# Help with exponential equation and finding t?

1. Aug 14, 2015

### Dy19

1. The problem statement, all variables and given/known data
The question is: Mr Snail learns 1 fact/day. When will he know as much as the hare?

2. Relevant equations
The hare's learning rate is given by the equation: Learning Rate=50(e^((15-t)/5))+100
Where t is the time in days.
3. The attempt at a solution
Basically I have tried to make the equation equal to t, so that the total facts known will be the same as the amount of days passed, which is what I need. But I'm stuck?
What I have so far is:
t=50(e^((15-t)/5))+100
t-100=50(e^((15-t)/5))
(t/50)-2=e^((15-t)/5)
ln((t/50)-2)=ln(e^((15-t)/5))
ln((t/50)-2)=(15-t)/5
ln((t/50)-2)=3-(t/5)

And I have no idea of how to solve the equation from there?

2. Aug 14, 2015

### Qwertywerty

You need to integrate to get the amount the hare learns in time t .

3. Aug 14, 2015

### Dy19

I have already integrated the equation to get the one I showed?
If a value for t is put into that equation, it will give the amount of facts learnt.

4. Aug 14, 2015

### Qwertywerty

No , you have equated t to learning rate of hare .

5. Aug 14, 2015

### Dy19

I meant it as in that is the total facts learnt. Because the equation has already been integrated.

6. Aug 14, 2015

### Qwertywerty

If you put a value for t in the equation for learing rate of hare , you will get exactly that - the learning rate at time t .

7. Aug 14, 2015

### Qwertywerty

No , that isn't possible . I don't understand this .

8. Aug 14, 2015

### Dy19

Basically, sorry, I must've worded it wrong. But the equation given is for the total amount of facts that the hare learns.

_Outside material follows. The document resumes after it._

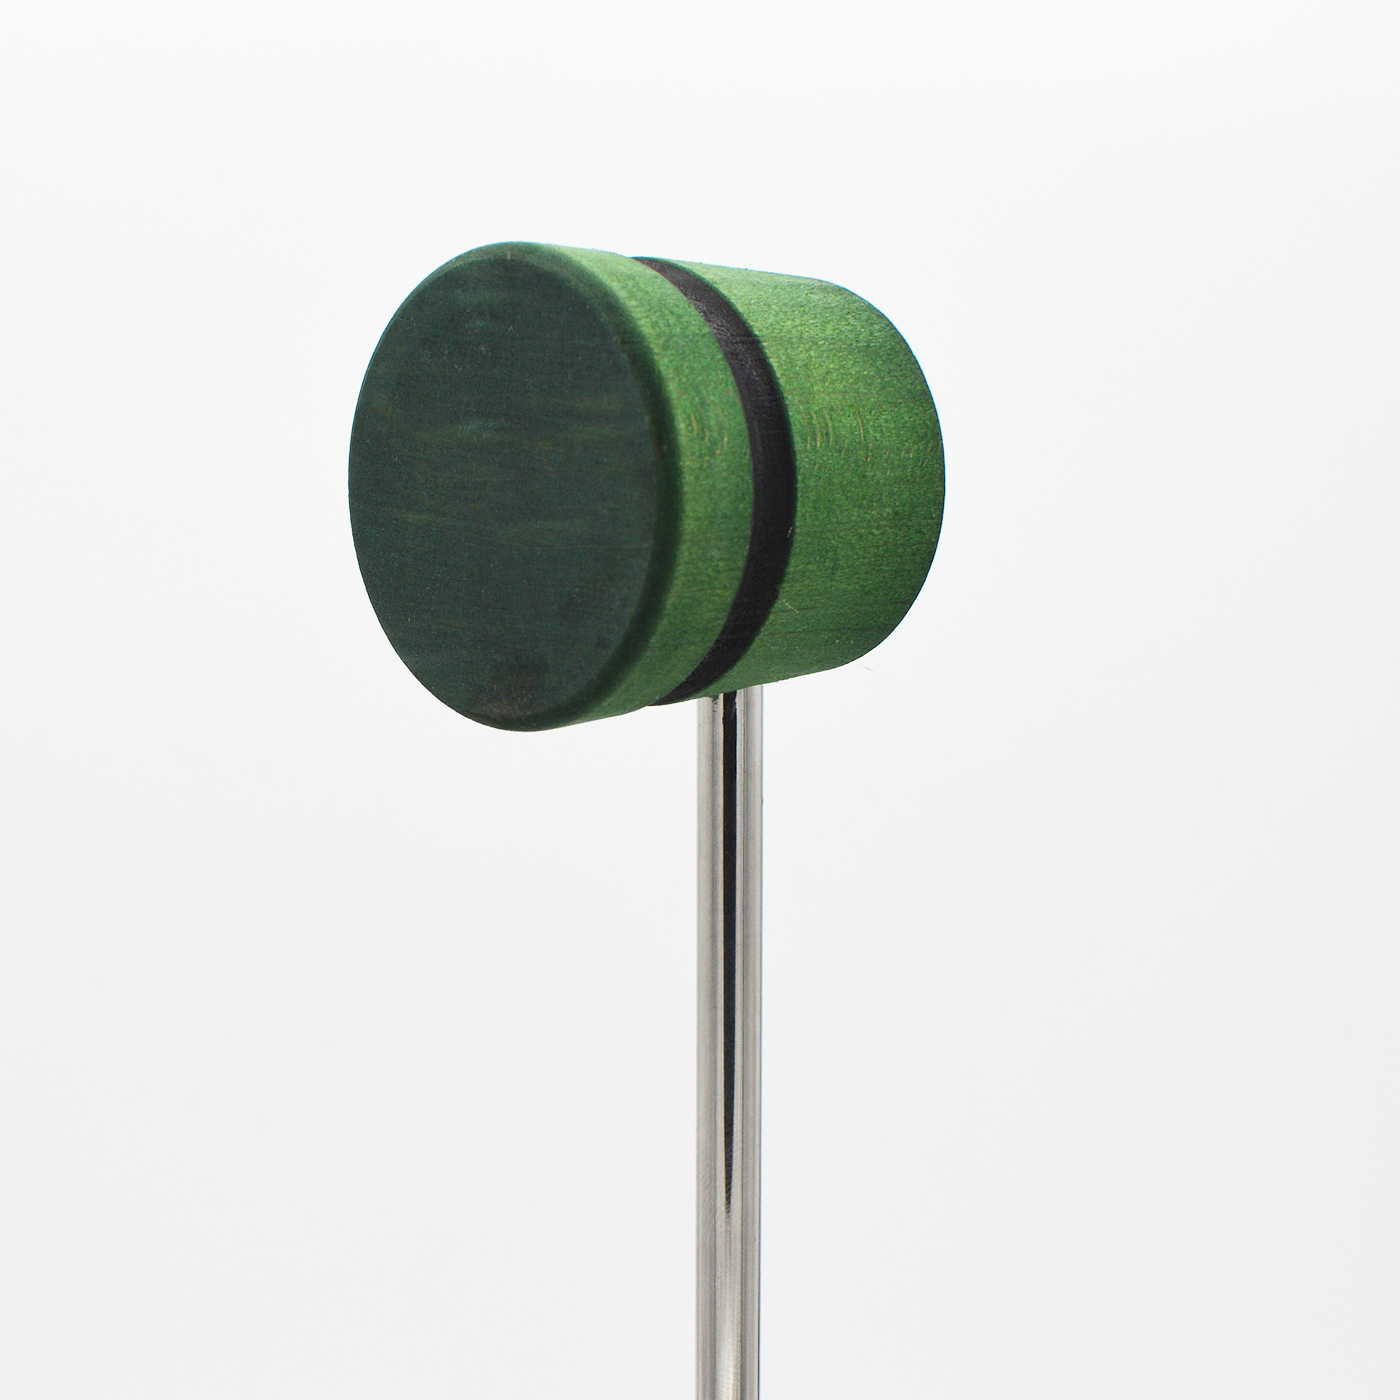 Lightweight, Green with Black Stripe

I need help with where I have gotten up to, or if it is wrong (like the way I've gone), I need help as to what to do.

9. Aug 14, 2015

### Ray Vickson

Just to clear things up once and for all: your function $H(t) = 100 + 50 e^{(15-t)/5}$ is NOT the learning rate; it is the (cumulative) amount of Mr. Hare's learning up to time $t$. The learning rate would be $R_H(t) = dH(t)/dt = -10 e^{(15-t)/5}$.

You can see right off that there must be something wrong with the formulation: your $H(t)$ is a decreasing function, so the Hare forgets his knowledge as he ages. On the other hand, if you are really serious that your $H(t)$ is actually the rate of learning, then the Hare's learning up to time $t$ is $\int_0^t H(x) \, dx$, while the Tortoise's learning up to $t$ is just $t$ itself. That means that there is never any time at which the Tortoise catches the Hare.

Anyway, if all you want to do is solve the equation $100 + 50 e^{(15-t)/5} = t$ then just plot both sides to see where the two graphs cross. That will give you an estimate of the root. You can then refine it using one of many numerical equation-solving methods. The equation has no "closed-form" (algebraic formula) solution, although it can be solved in terms of the so-called Lambert W-function; see, eg., https://en.wikipedia.org/wiki/Lambert_W_function . Basically, though, equations such as this are usually solved numerically.